Type out the whole listing again exactly, pictures omitted.
[[ AVAILABLE DATA, beginning ]]
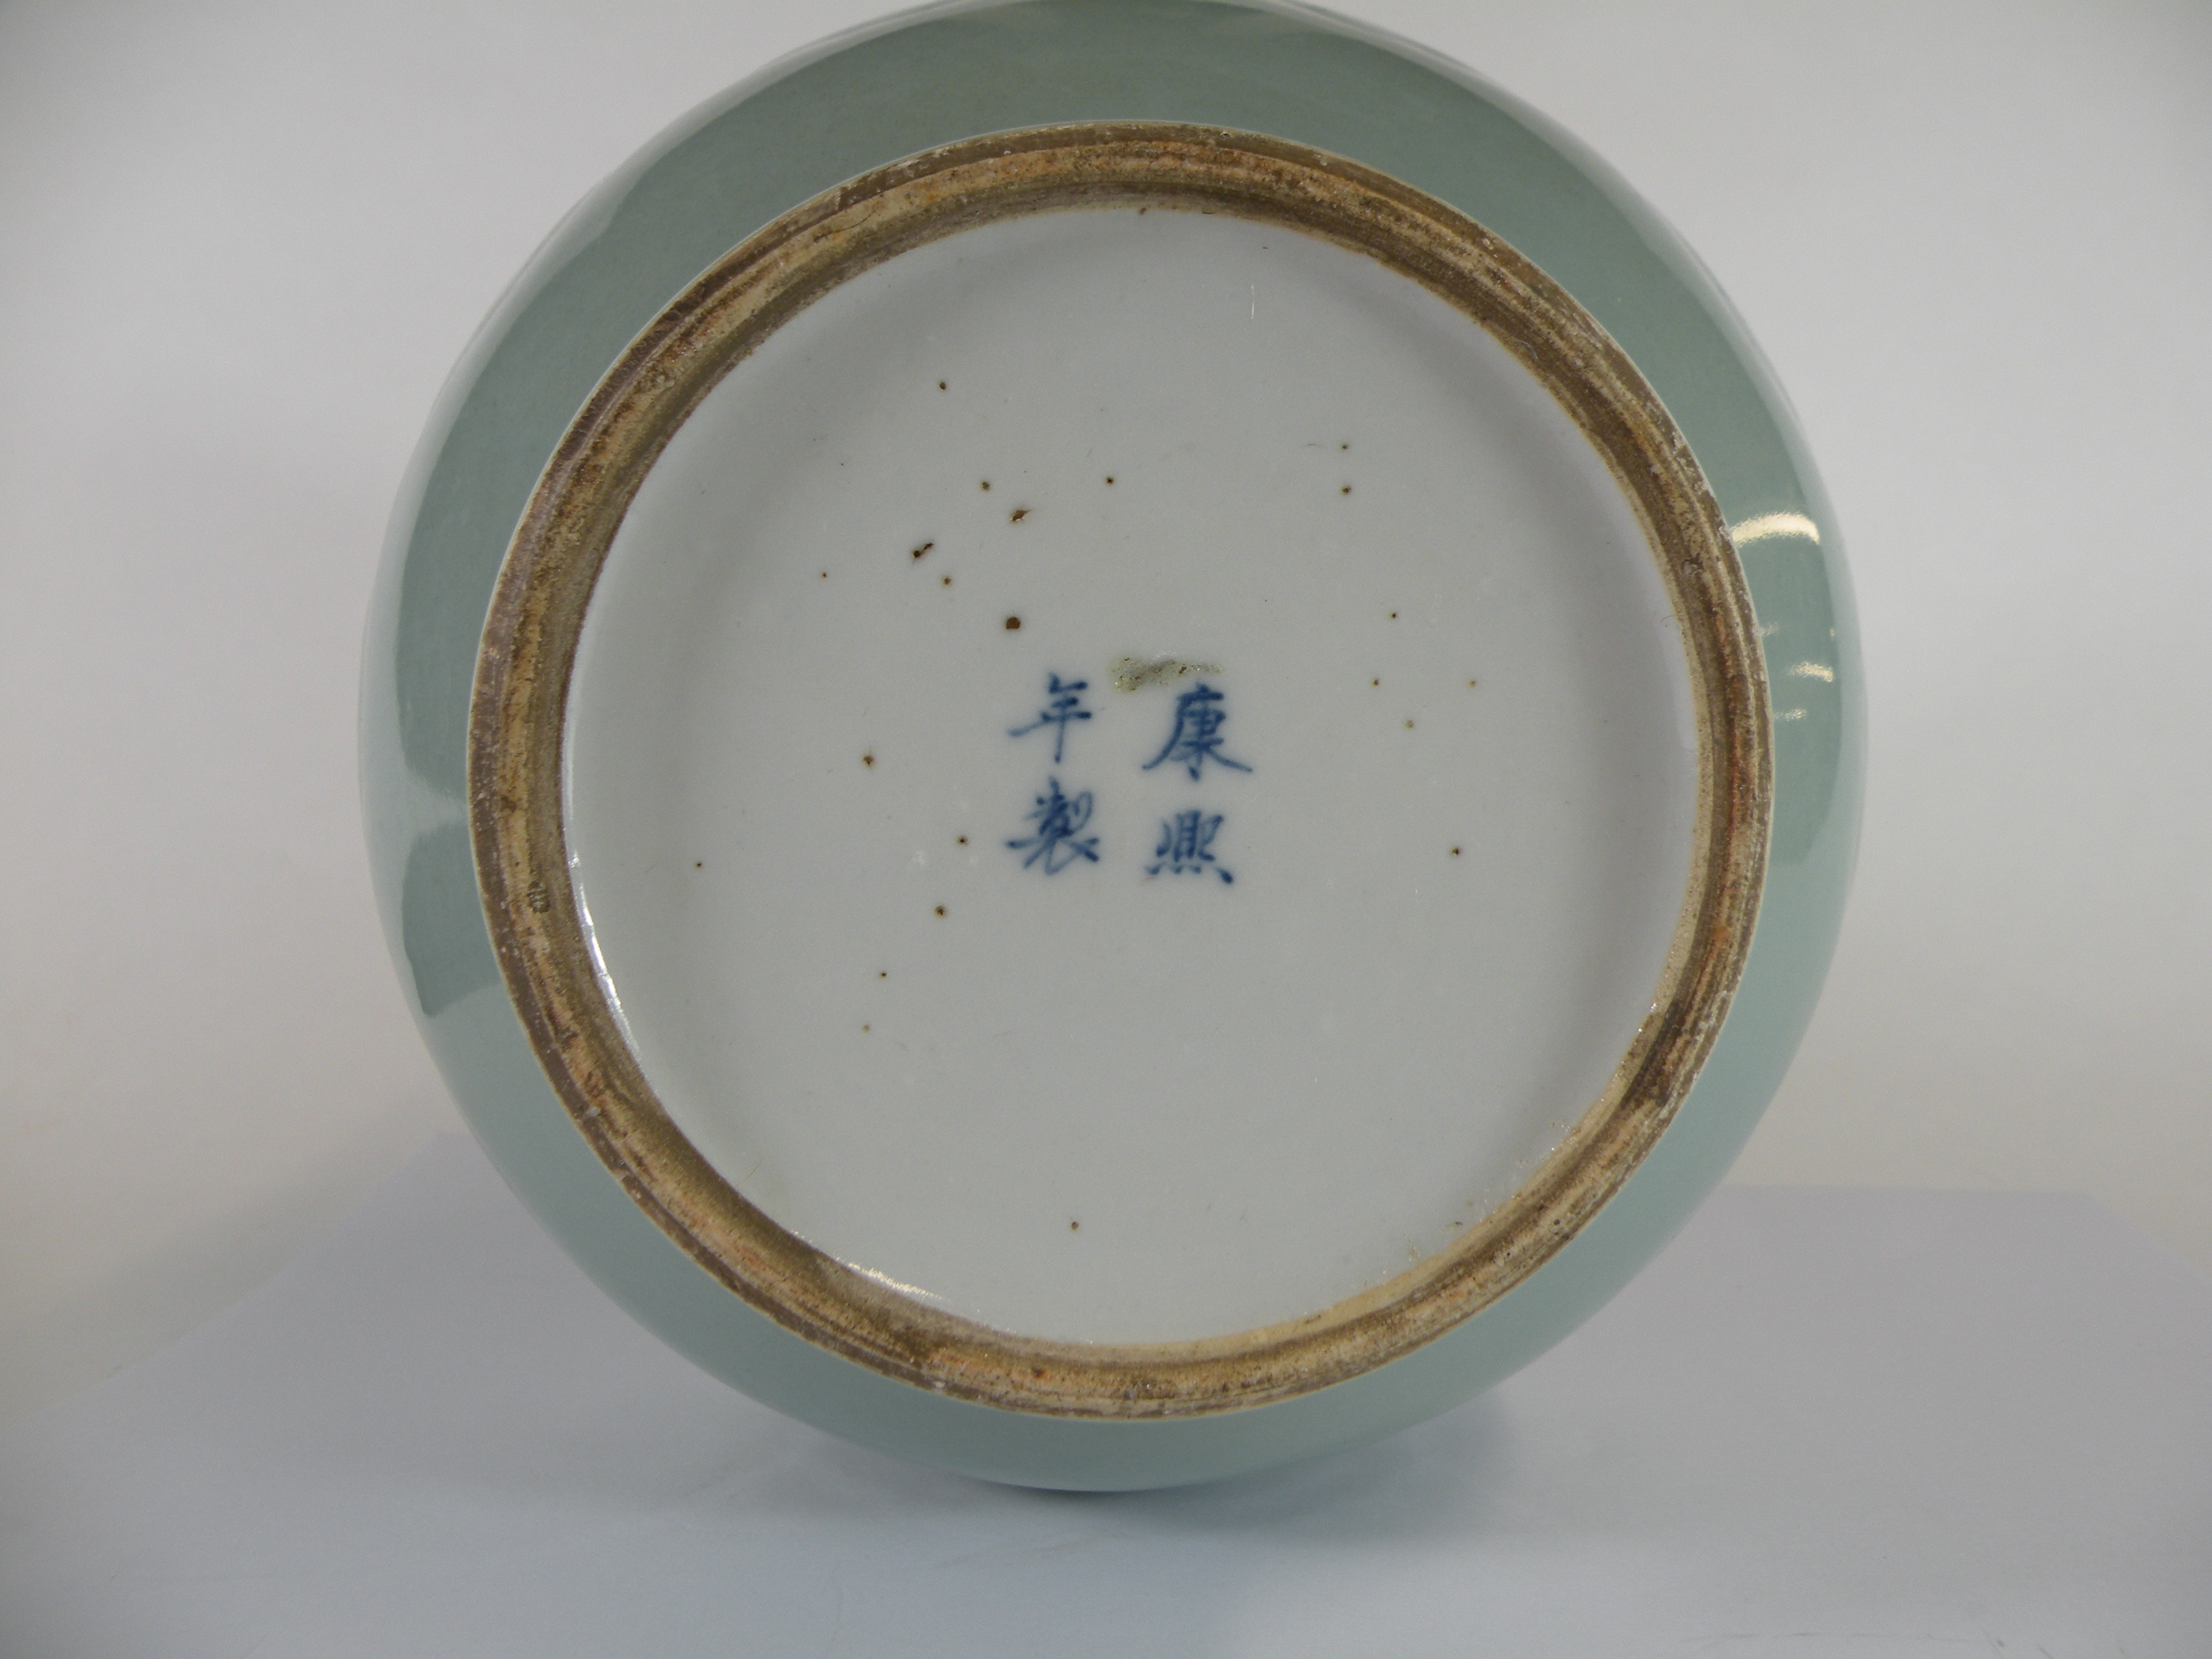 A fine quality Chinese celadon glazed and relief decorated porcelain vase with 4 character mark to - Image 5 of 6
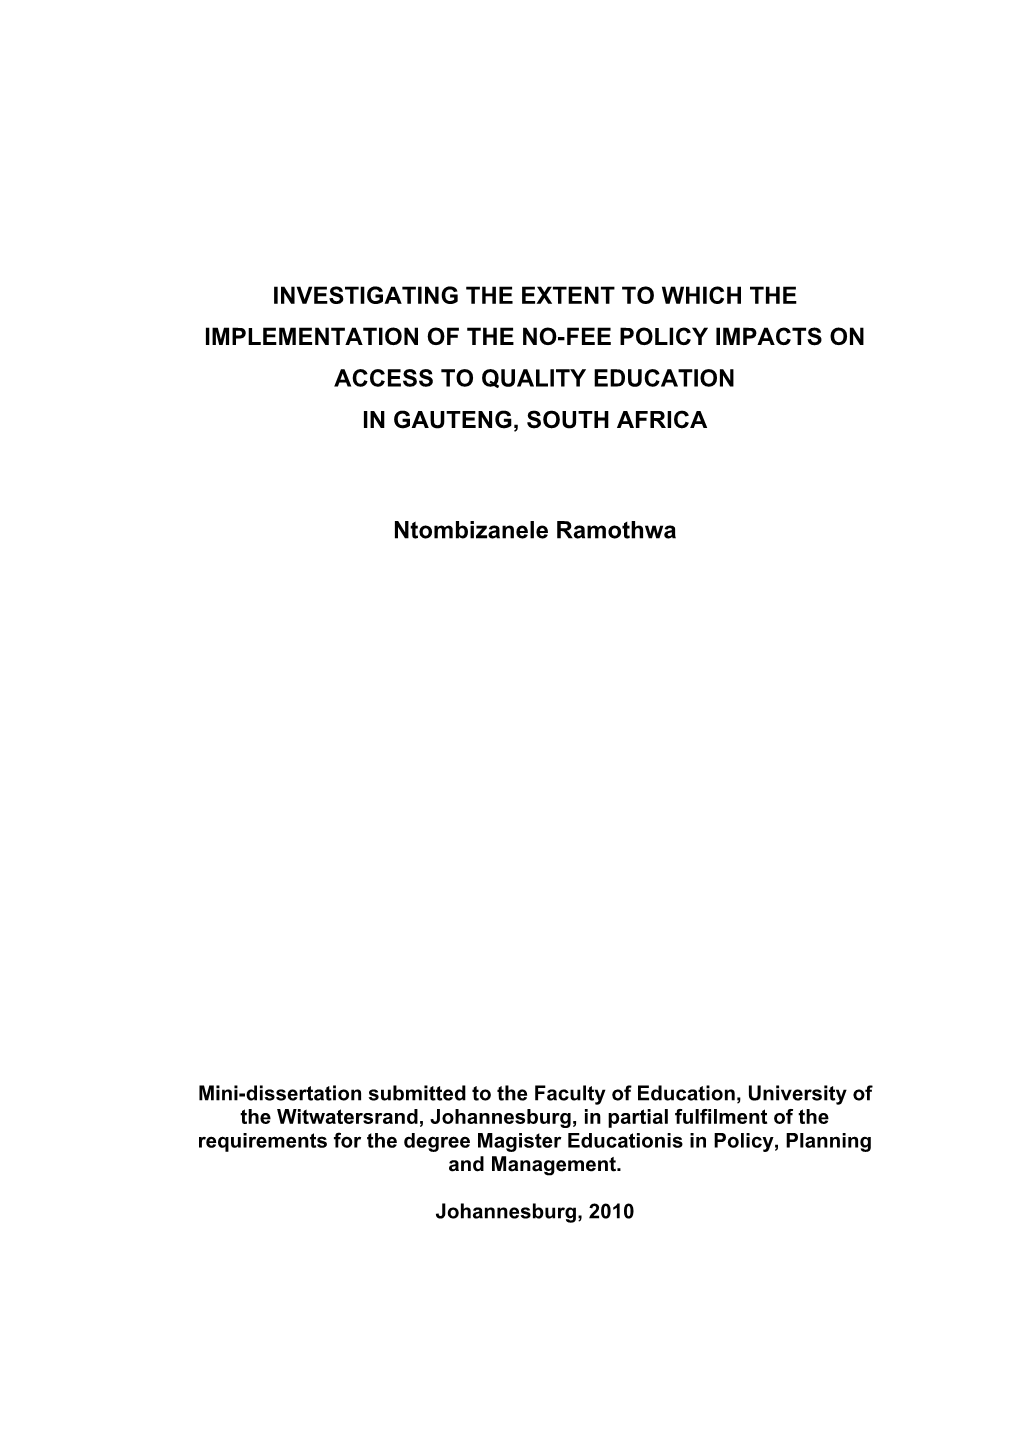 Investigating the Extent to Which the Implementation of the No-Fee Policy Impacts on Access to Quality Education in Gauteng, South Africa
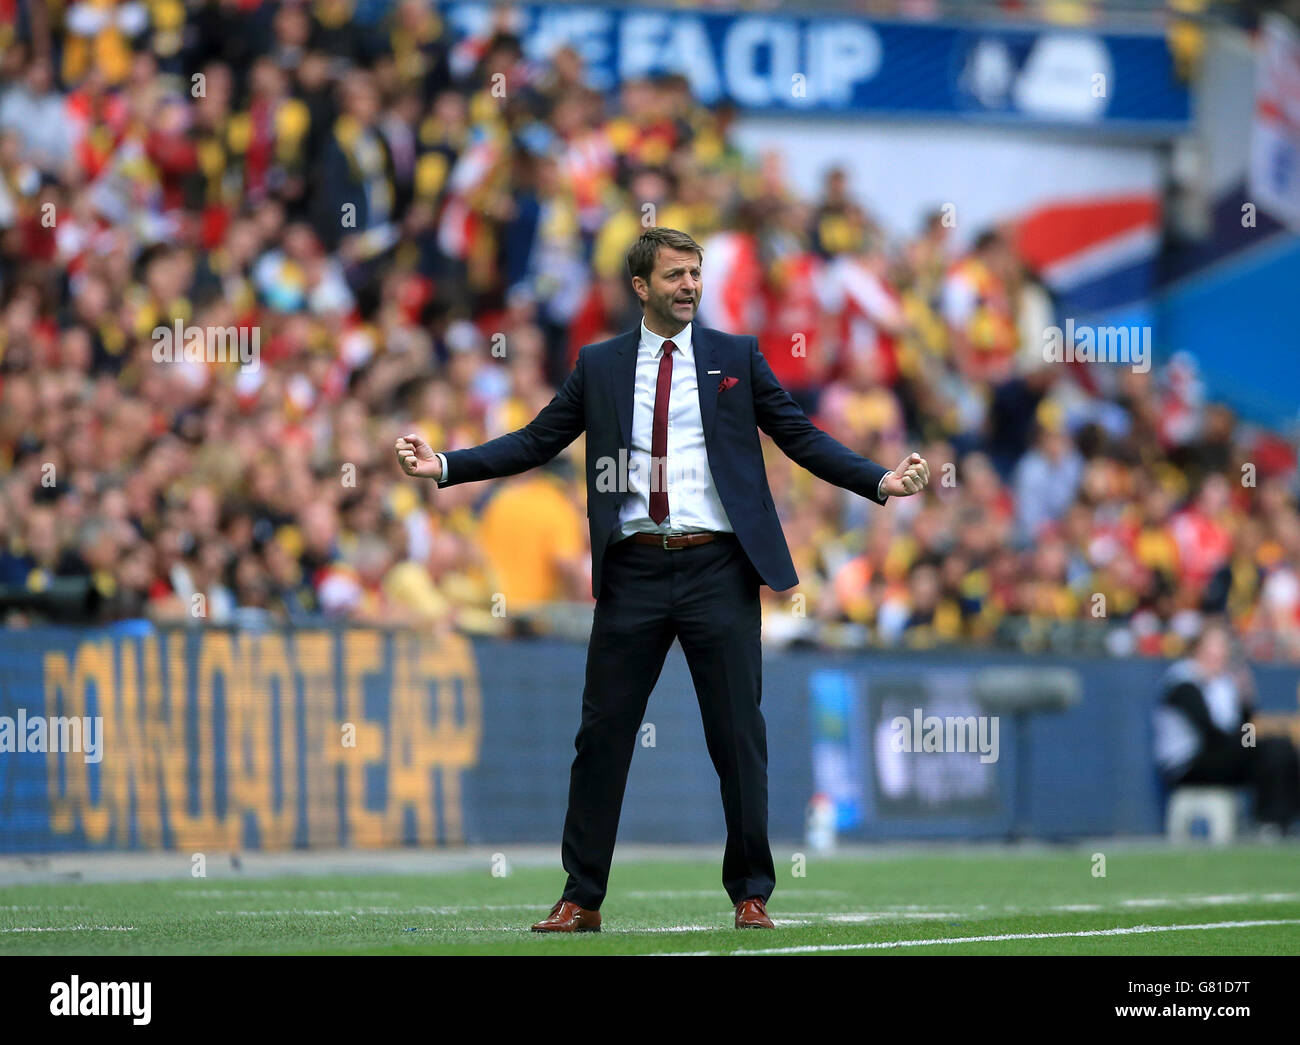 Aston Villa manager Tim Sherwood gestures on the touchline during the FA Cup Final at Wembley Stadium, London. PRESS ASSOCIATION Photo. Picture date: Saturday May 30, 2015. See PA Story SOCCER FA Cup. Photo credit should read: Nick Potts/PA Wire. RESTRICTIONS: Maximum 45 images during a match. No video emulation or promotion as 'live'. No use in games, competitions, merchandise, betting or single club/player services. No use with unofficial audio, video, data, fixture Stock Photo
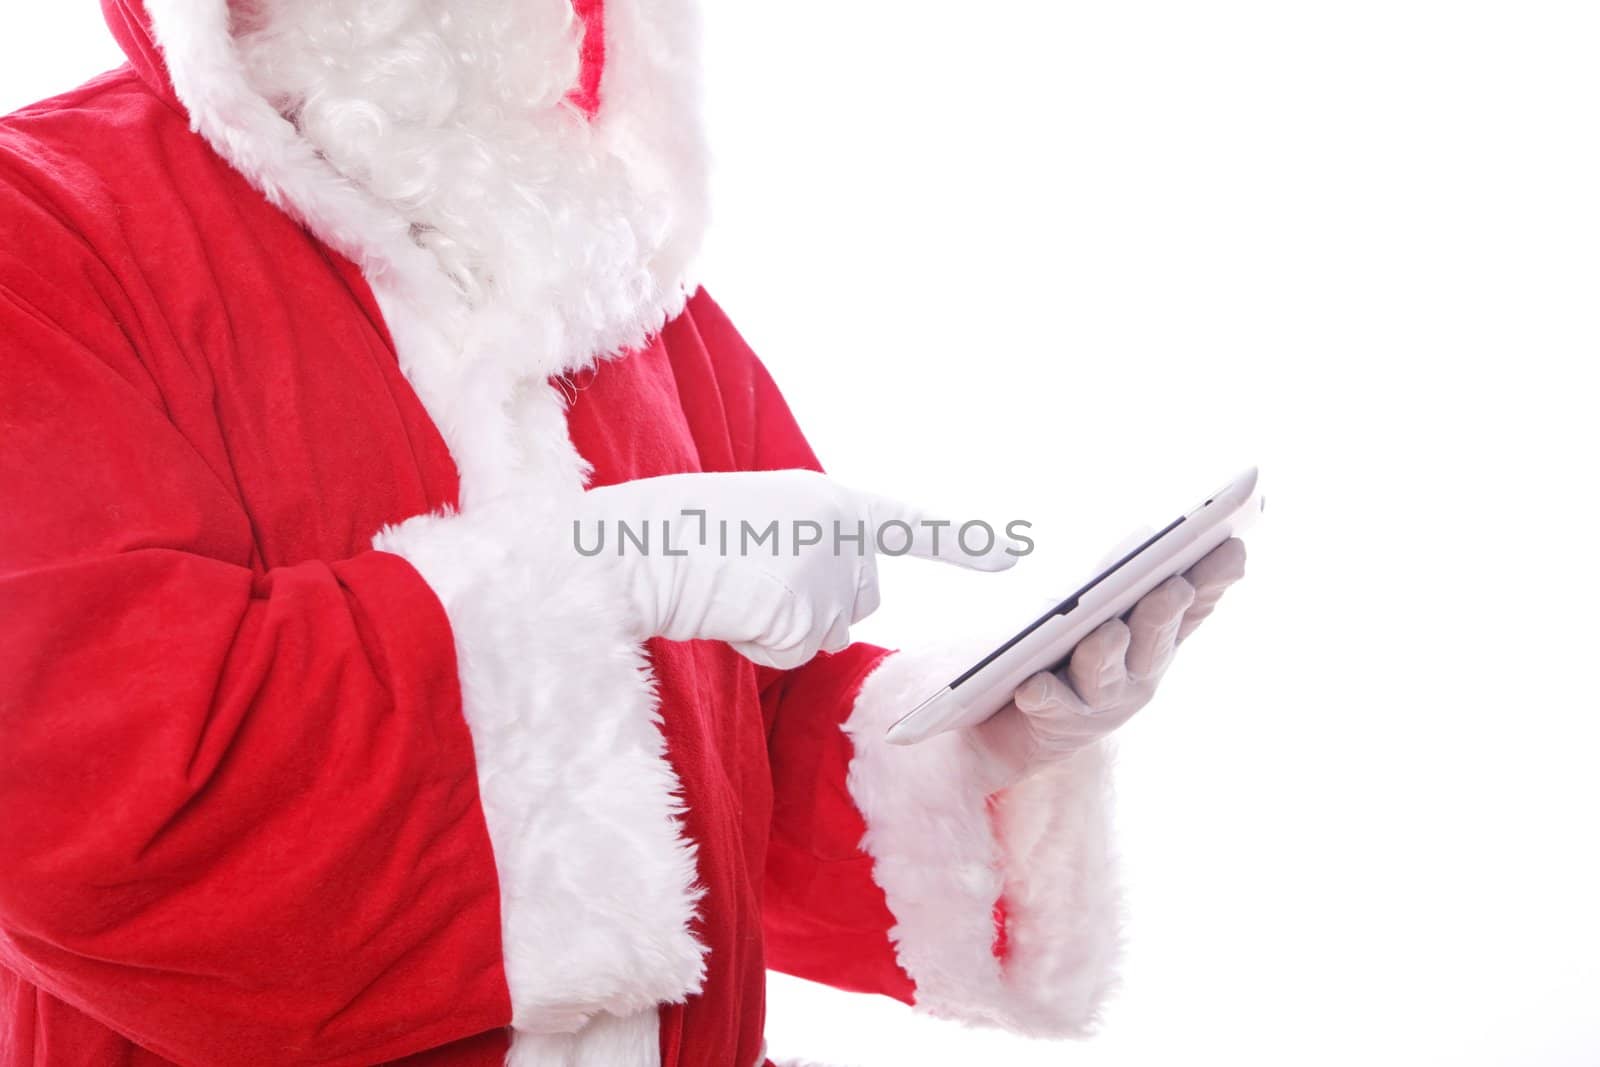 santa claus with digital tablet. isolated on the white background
[[ AVAILABLE DATA, end ]]
> **EXERCISE OUTPUT**
 A fine quality Chinese celadon glazed and relief decorated porcelain vase with 4 character mark to - Image 5 of 6
 Investigating the Extent to Which the Implementation of the No-Fee Policy Impacts on Access to Quality Education in Gauteng, South Africa
 Aston Villa manager Tim Sherwood gestures on the touchline during the FA Cup Final at Wembley Stadium, London. PRESS ASSOCIATION Photo. Picture date: Saturday May 30, 2015. See PA Story SOCCER FA Cup. Photo credit should read: Nick Potts/PA Wire. RESTRICTIONS: Maximum 45 images during a match. No video emulation or promotion as 'live'. No use in games, competitions, merchandise, betting or single club/player services. No use with unofficial audio, video, data, fixture Stock Photo
 santa claus with digital tablet. isolated on the white background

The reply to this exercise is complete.